[Stored data]
⁂
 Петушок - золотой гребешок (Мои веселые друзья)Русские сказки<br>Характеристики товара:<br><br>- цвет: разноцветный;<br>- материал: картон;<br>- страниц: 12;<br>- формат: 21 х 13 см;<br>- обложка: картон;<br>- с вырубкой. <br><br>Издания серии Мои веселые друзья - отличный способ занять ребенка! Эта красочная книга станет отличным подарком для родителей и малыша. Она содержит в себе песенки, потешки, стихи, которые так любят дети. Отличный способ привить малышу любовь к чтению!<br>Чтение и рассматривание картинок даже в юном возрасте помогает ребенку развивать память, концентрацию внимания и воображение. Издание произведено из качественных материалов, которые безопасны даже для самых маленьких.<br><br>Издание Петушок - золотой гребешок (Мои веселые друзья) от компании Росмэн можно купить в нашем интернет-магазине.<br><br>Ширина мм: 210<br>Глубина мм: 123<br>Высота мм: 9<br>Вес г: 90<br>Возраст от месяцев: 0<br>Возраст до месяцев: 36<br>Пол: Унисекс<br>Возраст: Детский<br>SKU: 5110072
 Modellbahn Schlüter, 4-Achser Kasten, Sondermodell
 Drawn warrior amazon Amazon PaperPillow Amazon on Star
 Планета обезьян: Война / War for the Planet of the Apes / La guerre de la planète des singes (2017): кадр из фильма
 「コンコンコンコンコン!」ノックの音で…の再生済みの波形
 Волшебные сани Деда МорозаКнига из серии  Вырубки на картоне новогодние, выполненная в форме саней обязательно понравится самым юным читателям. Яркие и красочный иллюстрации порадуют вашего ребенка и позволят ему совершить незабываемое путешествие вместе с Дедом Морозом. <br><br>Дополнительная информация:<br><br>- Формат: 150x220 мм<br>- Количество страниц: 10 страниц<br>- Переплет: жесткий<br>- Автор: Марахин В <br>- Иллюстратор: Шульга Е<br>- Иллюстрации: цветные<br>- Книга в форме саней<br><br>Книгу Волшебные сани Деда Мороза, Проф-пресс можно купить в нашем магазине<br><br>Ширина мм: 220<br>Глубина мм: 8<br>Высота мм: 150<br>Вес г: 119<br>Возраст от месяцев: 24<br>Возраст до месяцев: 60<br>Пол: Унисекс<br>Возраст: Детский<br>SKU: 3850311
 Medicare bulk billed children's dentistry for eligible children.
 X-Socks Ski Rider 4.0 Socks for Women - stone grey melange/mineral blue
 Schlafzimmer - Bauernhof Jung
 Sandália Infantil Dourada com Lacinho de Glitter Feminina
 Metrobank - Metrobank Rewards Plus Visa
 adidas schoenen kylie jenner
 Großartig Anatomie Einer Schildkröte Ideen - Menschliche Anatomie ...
⁂
Repeat every record above exactly as it appears.

Response to this task:
 Петушок - золотой гребешок (Мои веселые друзья)Русские сказки<br>Характеристики товара:<br><br>- цвет: разноцветный;<br>- материал: картон;<br>- страниц: 12;<br>- формат: 21 х 13 см;<br>- обложка: картон;<br>- с вырубкой. <br><br>Издания серии Мои веселые друзья - отличный способ занять ребенка! Эта красочная книга станет отличным подарком для родителей и малыша. Она содержит в себе песенки, потешки, стихи, которые так любят дети. Отличный способ привить малышу любовь к чтению!<br>Чтение и рассматривание картинок даже в юном возрасте помогает ребенку развивать память, концентрацию внимания и воображение. Издание произведено из качественных материалов, которые безопасны даже для самых маленьких.<br><br>Издание Петушок - золотой гребешок (Мои веселые друзья) от компании Росмэн можно купить в нашем интернет-магазине.<br><br>Ширина мм: 210<br>Глубина мм: 123<br>Высота мм: 9<br>Вес г: 90<br>Возраст от месяцев: 0<br>Возраст до месяцев: 36<br>Пол: Унисекс<br>Возраст: Детский<br>SKU: 5110072
 Modellbahn Schlüter, 4-Achser Kasten, Sondermodell
 Drawn warrior amazon Amazon PaperPillow Amazon on Star
 Планета обезьян: Война / War for the Planet of the Apes / La guerre de la planète des singes (2017): кадр из фильма
 「コンコンコンコンコン!」ノックの音で…の再生済みの波形
 Волшебные сани Деда МорозаКнига из серии  Вырубки на картоне новогодние, выполненная в форме саней обязательно понравится самым юным читателям. Яркие и красочный иллюстрации порадуют вашего ребенка и позволят ему совершить незабываемое путешествие вместе с Дедом Морозом. <br><br>Дополнительная информация:<br><br>- Формат: 150x220 мм<br>- Количество страниц: 10 страниц<br>- Переплет: жесткий<br>- Автор: Марахин В <br>- Иллюстратор: Шульга Е<br>- Иллюстрации: цветные<br>- Книга в форме саней<br><br>Книгу Волшебные сани Деда Мороза, Проф-пресс можно купить в нашем магазине<br><br>Ширина мм: 220<br>Глубина мм: 8<br>Высота мм: 150<br>Вес г: 119<br>Возраст от месяцев: 24<br>Возраст до месяцев: 60<br>Пол: Унисекс<br>Возраст: Детский<br>SKU: 3850311
 Medicare bulk billed children's dentistry for eligible children.
 X-Socks Ski Rider 4.0 Socks for Women - stone grey melange/mineral blue
 Schlafzimmer - Bauernhof Jung
 Sandália Infantil Dourada com Lacinho de Glitter Feminina
 Metrobank - Metrobank Rewards Plus Visa
 adidas schoenen kylie jenner
 Großartig Anatomie Einer Schildkröte Ideen - Menschliche Anatomie ...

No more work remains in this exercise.